Each country’s ‘legitimate national interest’ should be compatible with the planetary interest. ‘Legitimate global power’, as recognised by the global community properly assembled, would respond to the nature and severity of the global threat. The principle of subsidiarity, developed with insight and cogency by the EU, would apply to differentiate and legitimise power at the global-regional-national-sub-national levels.
Something similar was recently captured by Stewart Patrick (Sr. Fellow in Global Governance, Council on Foreign Relations) in his article: The International Order Isn’t Ready for the Climate Crisis: The case for a new planetary politics (Foreign Affairs Nov./Dec. 2021). A discourse on the conceptual congruence has been struck with the author.
The normative and the imperative
Action on existential threats is determined by the nation-state, with the UN acting as background researcher and negotiating arena. National action reflects more the domestic political scene than the international diplomatic compromise over voluntary ‘contributions’. Domestic politics continues to be interpreted simplistically through the unidimensional horizontal left-right axis. That framework is three centuries old, and is focused on normative political judgement over how we humans live within our national societies – essentially comprising two fundamental values, freedom and equality, in a competitive setting. The environmental crisis gets squeezed into this inappropriate thought-prism, and comes out unrecognisable.

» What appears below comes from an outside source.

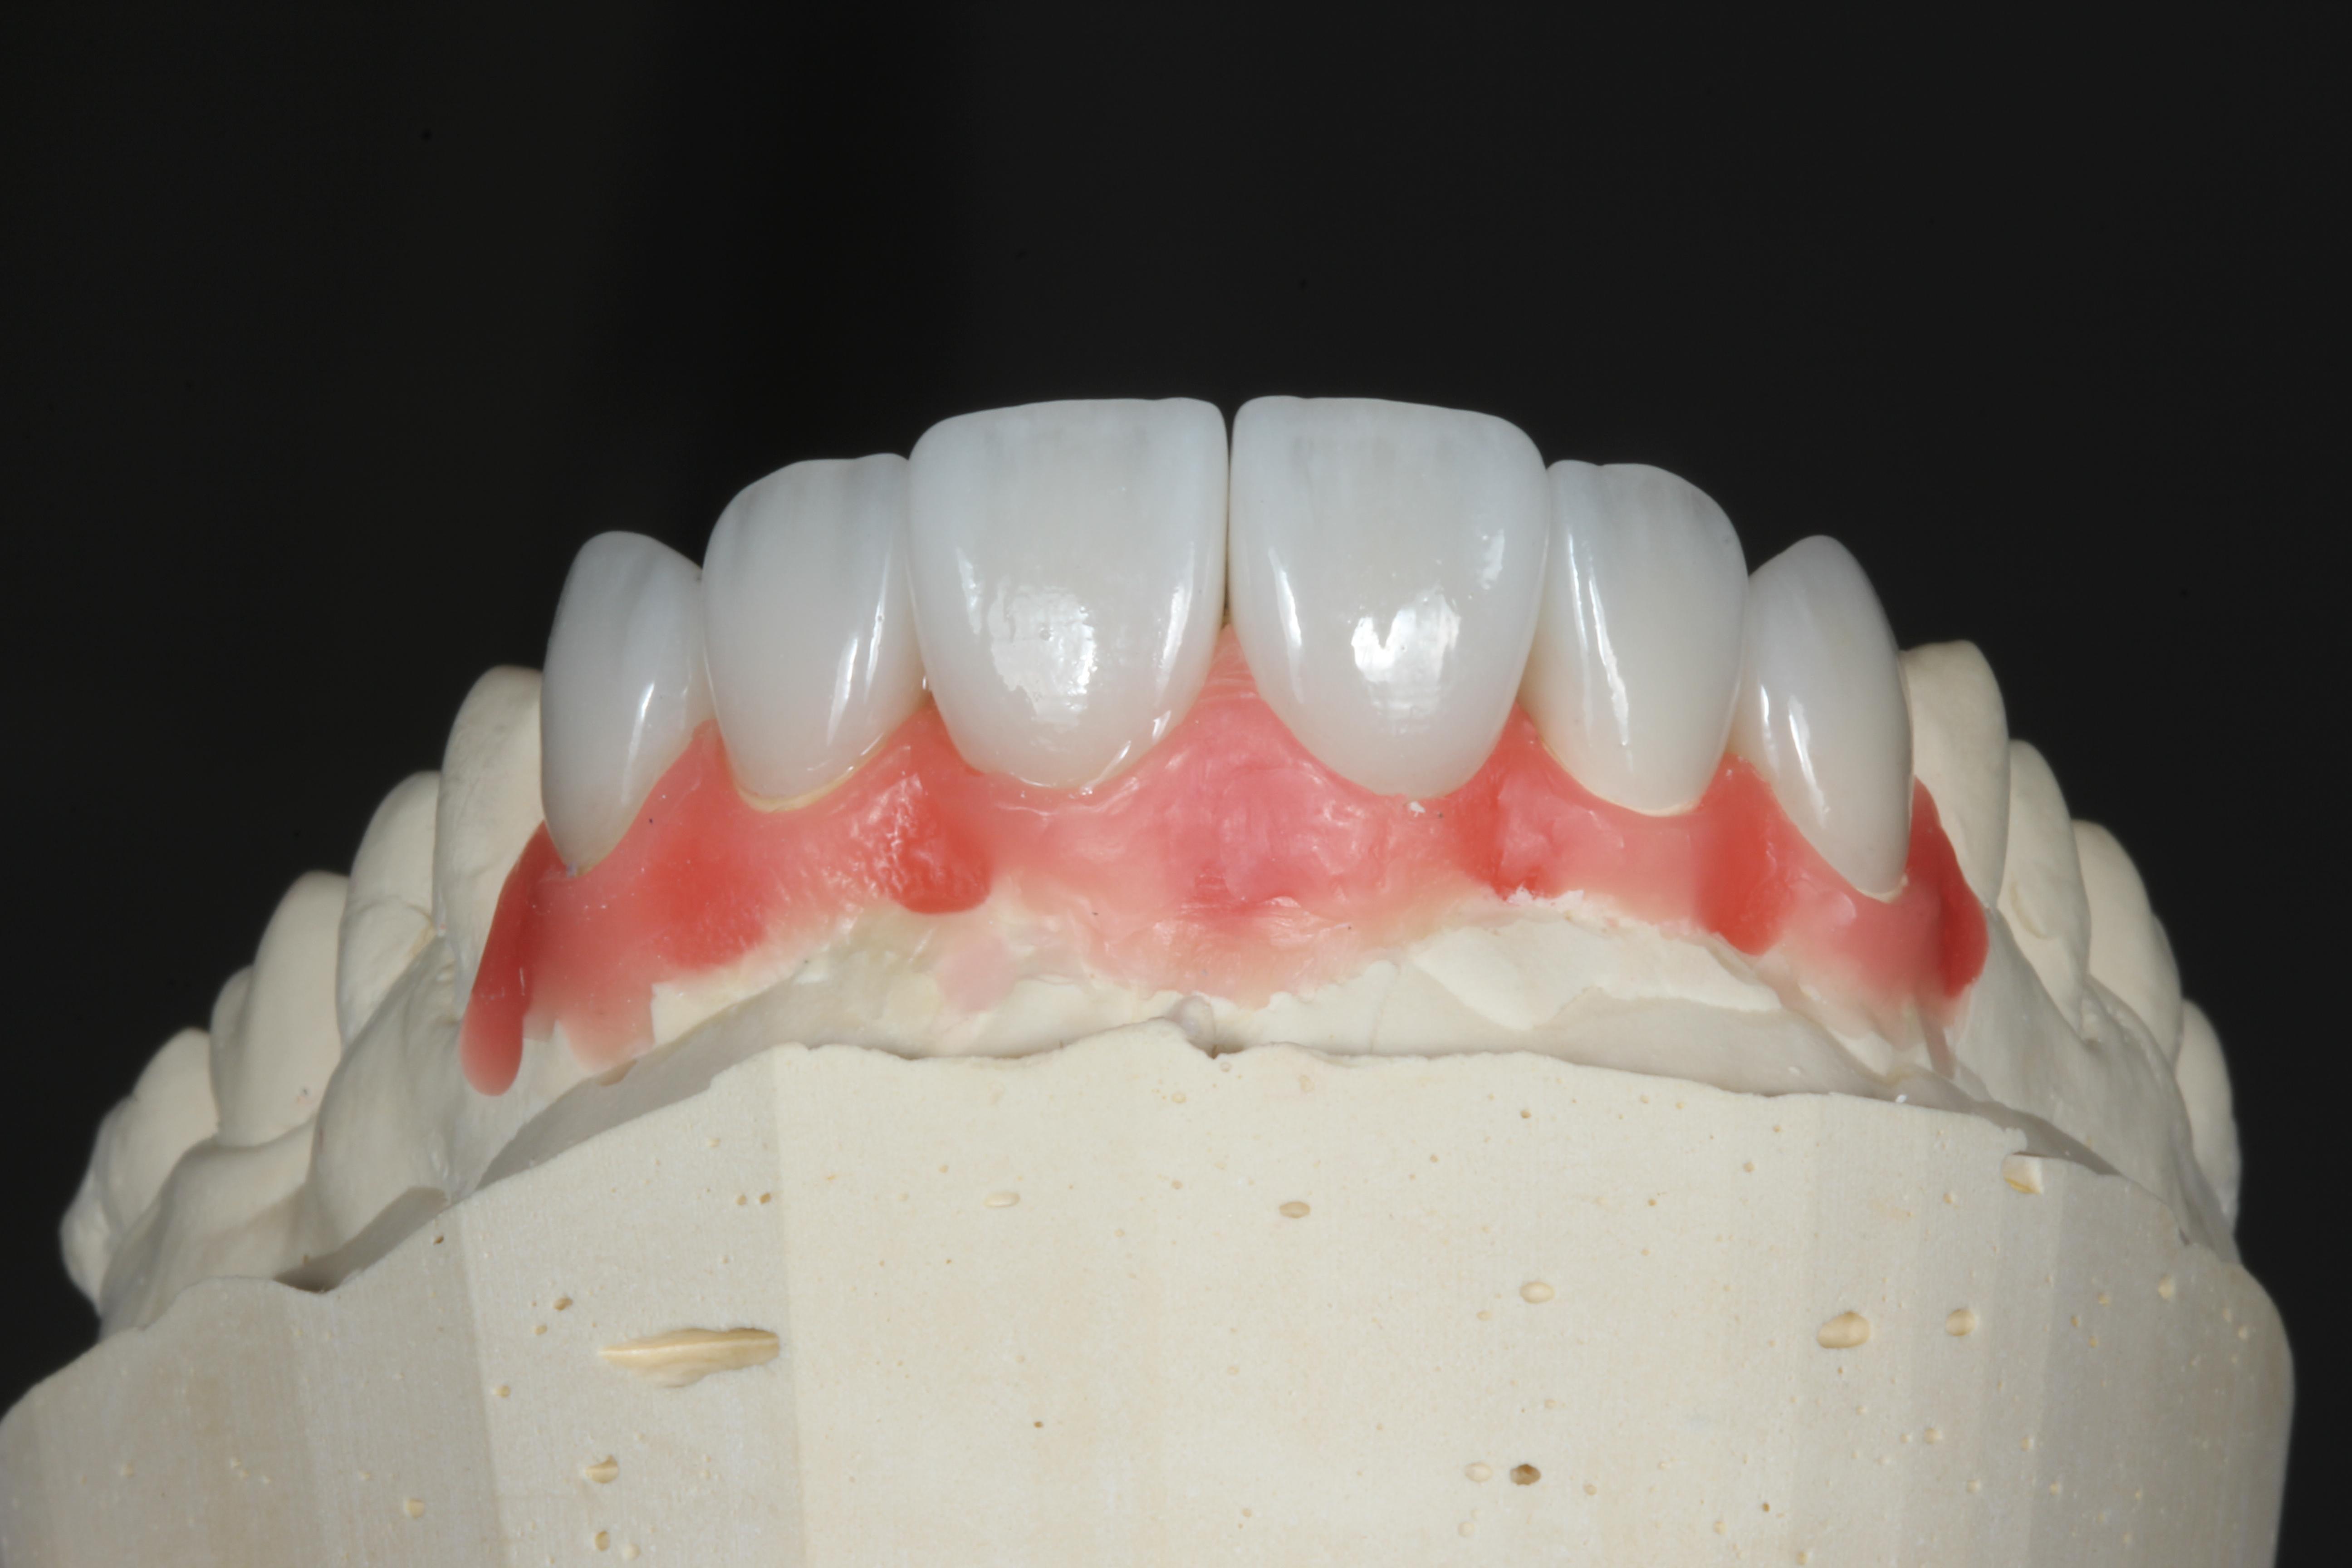 Керамические виниры на гипсовой моделе вид спереди.
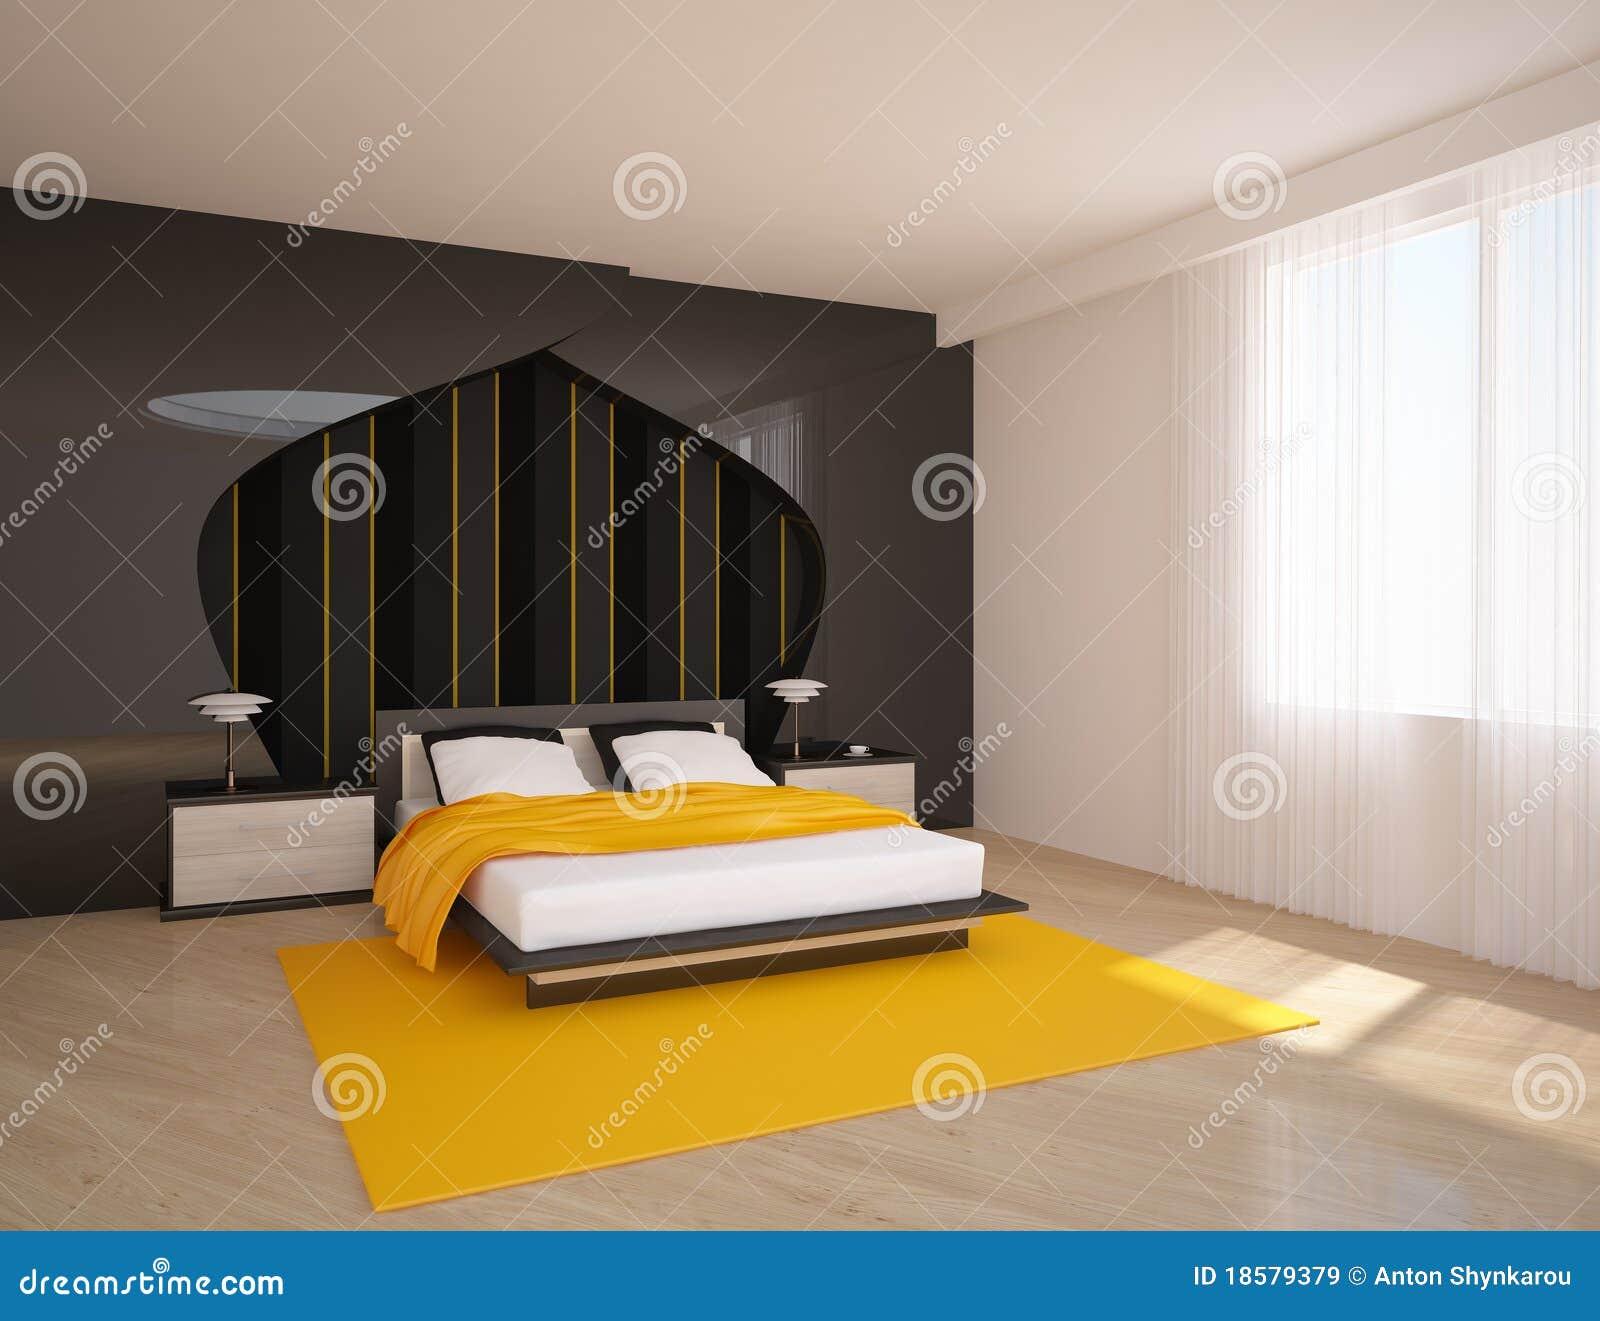 Camera Soffitto Colorato: Che gireranno senza sosta sul soffitto rinfrescando la loro camera.

In 2009 as an MP, I advanced the idea that contemporary politics required an updated framework that took proper account of the existential crisis we face, particularly climate change. I proposed a two-dimensional axis, supplementing the horizontal normative axis (left-right) with a vertical axis (up-down) for the ‘imperative’ issues of survival against existential threats. Such a framework allows people – political representatives and voters – to move more freely left or right, according to personal view, while simultaneously judging the ‘existential politics’ on the basis of an imperative. Thus, sustainability becomes the third political value, and is not disfigured on the horizontal axis.
Proactive or reactive?
Qualitative steps forward in political history have been essentially reactive. Humanity has yet to demonstrate an ability to act proactively in transforming institutions and legal obligation to deal with a major common threat before it occurs.
The next few decades will determine whether we have that capability.